How does there exist $2d$ solutions in the second part of the above proposition?
My process is following: I know that $\{ (-1)^a 5^b | a=0,1 $ and $ 0 \leq b < 2^{e-2} \}$ is a reduced residue system $mod $ $2^e$.
Let $n $ be even. Let $a \equiv (-1)^s 5^t (2^e) $.
Let a solution $x$ exists.
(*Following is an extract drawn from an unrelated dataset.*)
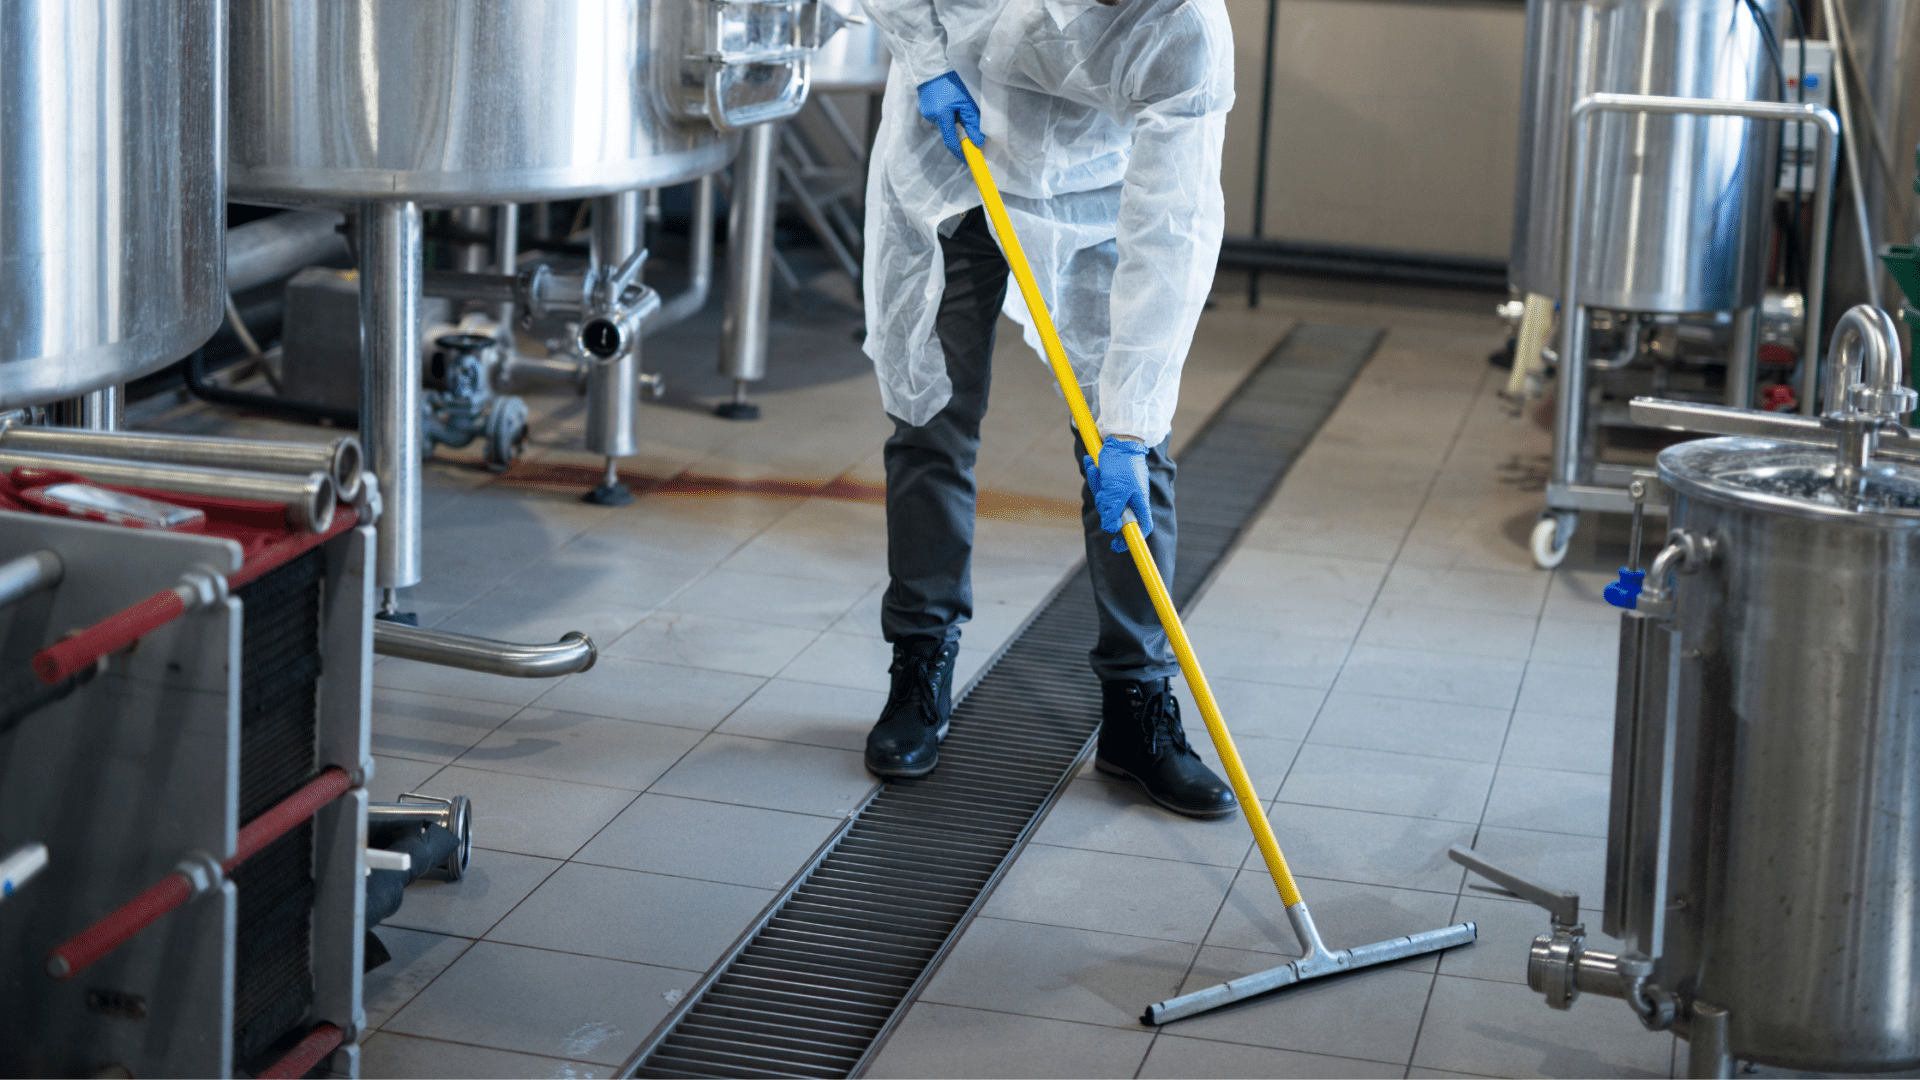 Front image of a person with a squeegee, sanitising a tiled floor with food processing equipment.

Let the solution be $(-1)^y 5^z (2^e)$.
Then $x^n \equiv a(2^e)$ $\iff$ $(-1)^{yn} 5^{nz} \equiv (-1)^s 5^t (2^e) \iff 5^{nz} \equiv (-1)^s 5^t (2^e)$.
Now $e \geq 3 \Rightarrow 5^{nz} \equiv (-1)^s 5^t (4) \iff 1 \equiv (-1)^s (4) \iff s=0$.
So we get $5^{nz} \equiv 5^t (2^e) \iff nz \equiv t (2^{e-2})$ since the order of $5 $ mod $2^e$ is $2^{e-2}$.
Since $nz \equiv t (2^{e-2})$ has a solution iff $d = gcd(n, e^{e-2})| t$ and there are exactly $d$ solutions.
I am confused as to how there are $2d$ solutions.